Zahra Behrouzazar told an event at Iran University of Medical Sciences that a “Suicide Prevention Command Center” had been formed in Tehran province and would be expanded nationwide.
“Each of us is responsible for reducing suicide and our hope is that suicides will reach zero. This is an ambitious goal and requires a national program,” she said, according to state news agency IRNA. She described suicide as “a form of violence against oneself” and said prevention requires both “structural reforms and changes in mindset”.
Behrouzazar said Iran’s Social Emergency service -- a crisis intervention network run by the State Welfare Organization -- had been “65% effective” in its interventions and operates a 24-hour response in 378 cities.
“We cannot place all the burden on the Social Emergency; the supportive role of families matters,” she added.
Hassan Mousavi Chelek, the Welfare Organization’s deputy for social health, told the same conference the Social Emergency has worked on suicide prevention since 1999 and now runs fixed centers, mobile teams and the 123 hotline around the clock in 378 cities, IRNA reported.
He said interventions related to suicidal thoughts and attempts had increased fivefold between 2021 and 2024, which he said showed both need and growing public trust in the service.
Azarakhsh Mokri, a psychiatrist and associate professor at Tehran University of Medical Sciences, said social factors “more than medical illness” drive suicide risk, citing loneliness, unemployment and relationship breakdowns. He urged broader use of data and new technologies in prevention and cautioned against “over-medicalizing” suicide, IRNA reported.
The policy announcements come amid a spate of reported cases.
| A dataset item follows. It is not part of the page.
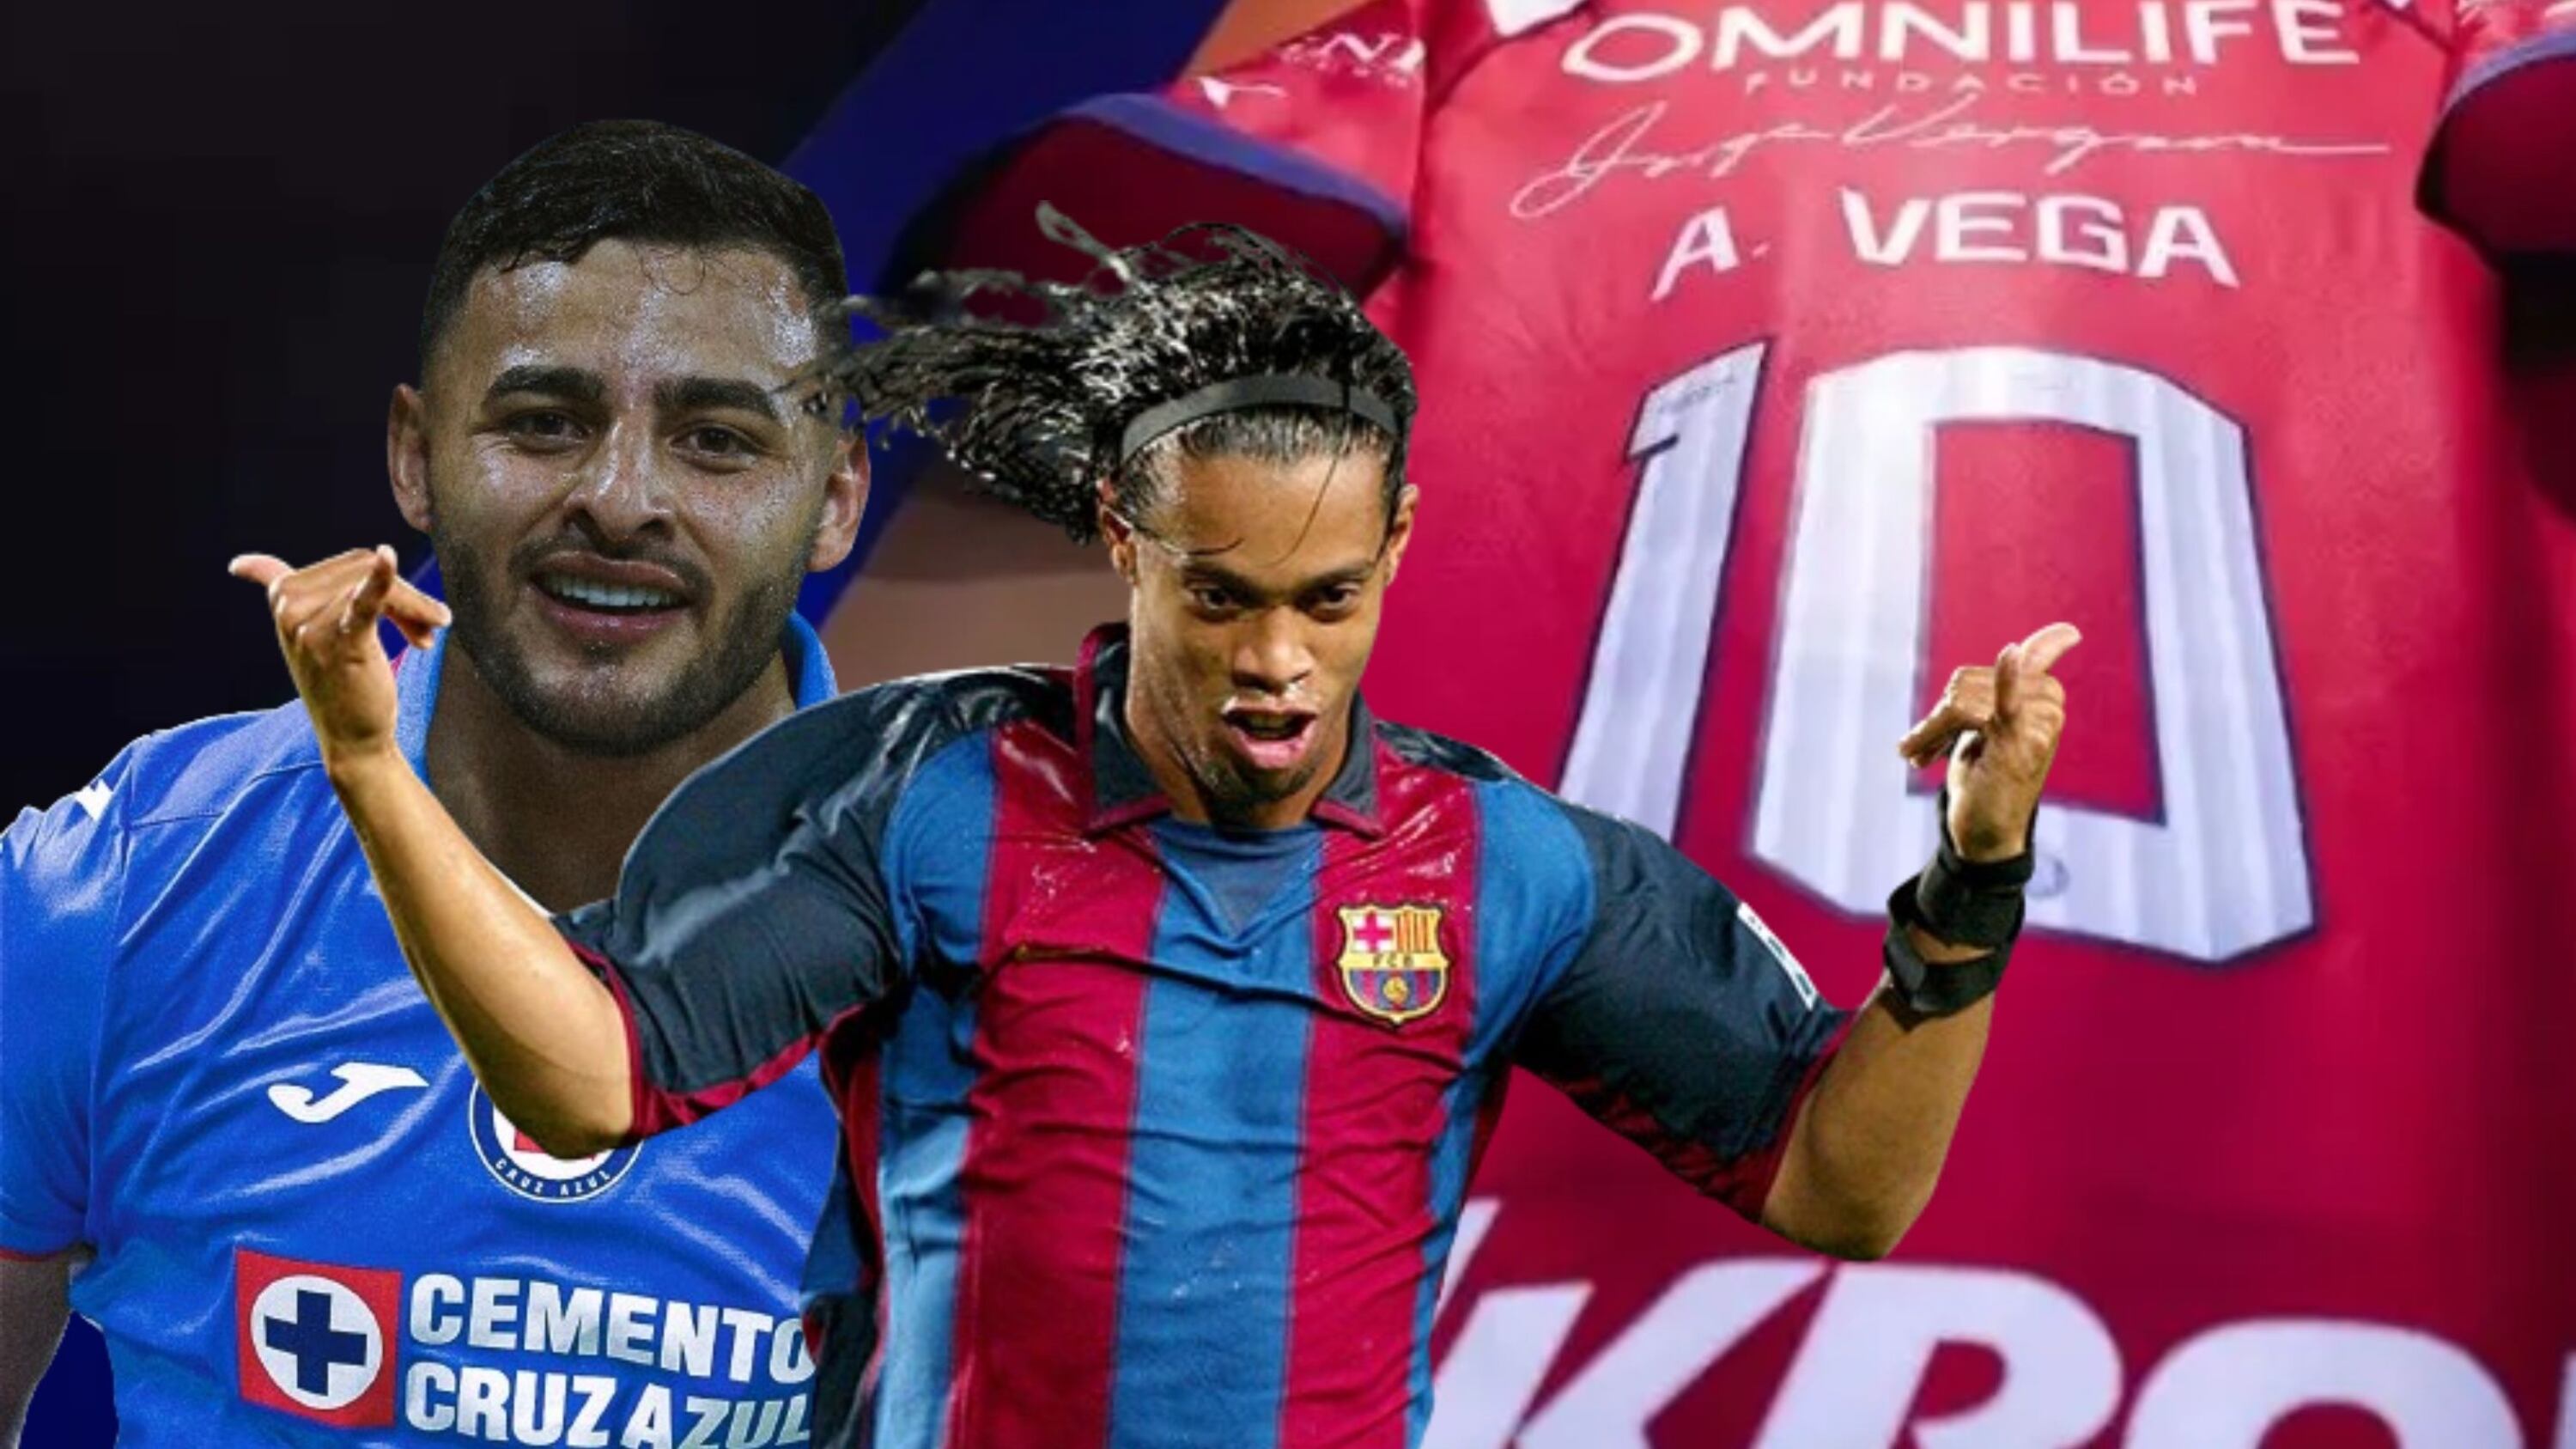 Se fue Vega, Chivas ya encontró a su nuevo 10, Barcelona preguntó por él

Local rights outlet Haalvsh said on Monday that a farmer in Kahnuj, southeastern Iran, died by suicide at a local agriculture department office following alleged economic pressures, and that an internal-medicine specialist at Saravan’s Iranmehr Hospital was found dead in her dormitory after taking medication.
Also on Monday, a 26-year-old janitor who set himself on fire outside the governor’s office in Shadegan, southwestern Khuzestan province, died of his injuries, rights activists said.
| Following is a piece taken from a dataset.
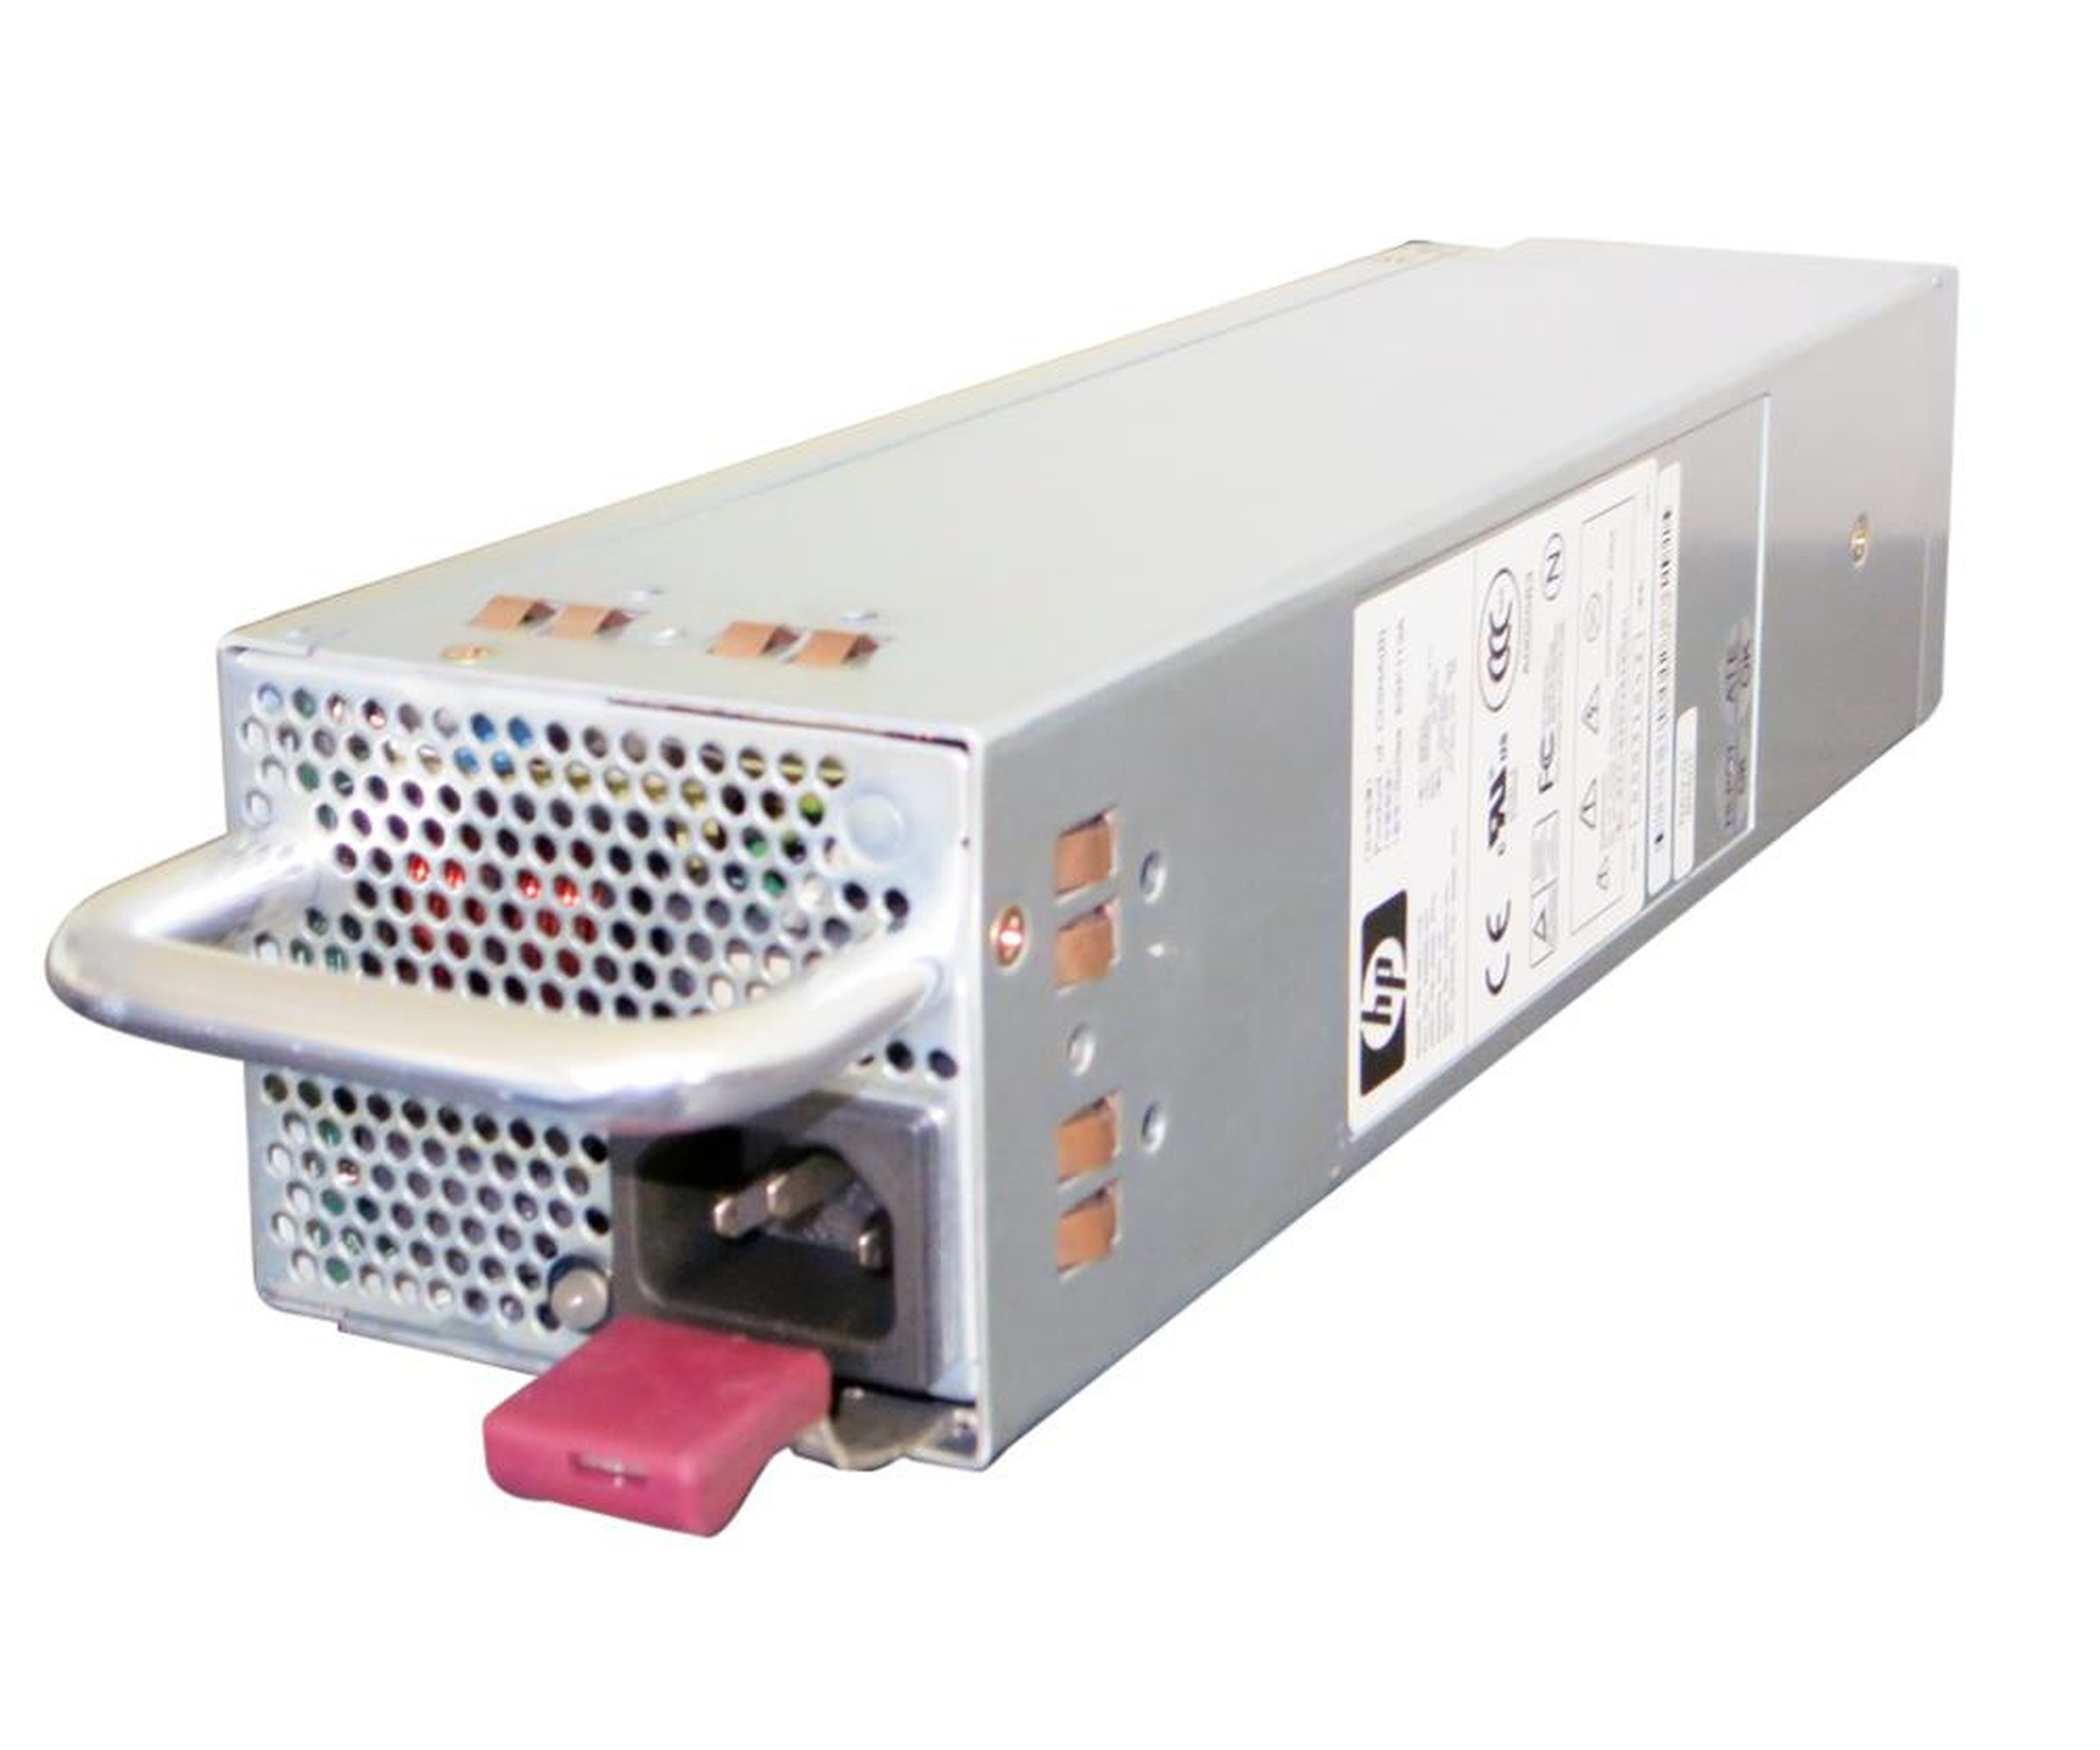 HP PS-3381-1C2 - Netzteil Power Supply - 400 Watt - 339596-001 - für StorageWorks MSA20

In a separate report, a student collective said a female student died by suicide at Mohaghegh Ardabili University, calling for better campus support; the university has not issued an official statement.
Last year, a senior official at the prosecutor-general’s office said Iran records roughly 130,000 suicide attempts annually with about 7,000 deaths, and that suicide is the third-leading cause of death among people aged 15 to 24, according to reports from September 2024.
The official, Gholam-Abbas Torki, added that while Iran’s overall suicide mortality rate -- around 6.6 to 9.1 per 100,000 depending on the estimate -- is below the global average, it has been on an upward trend and requires scientific and coordinated prevention.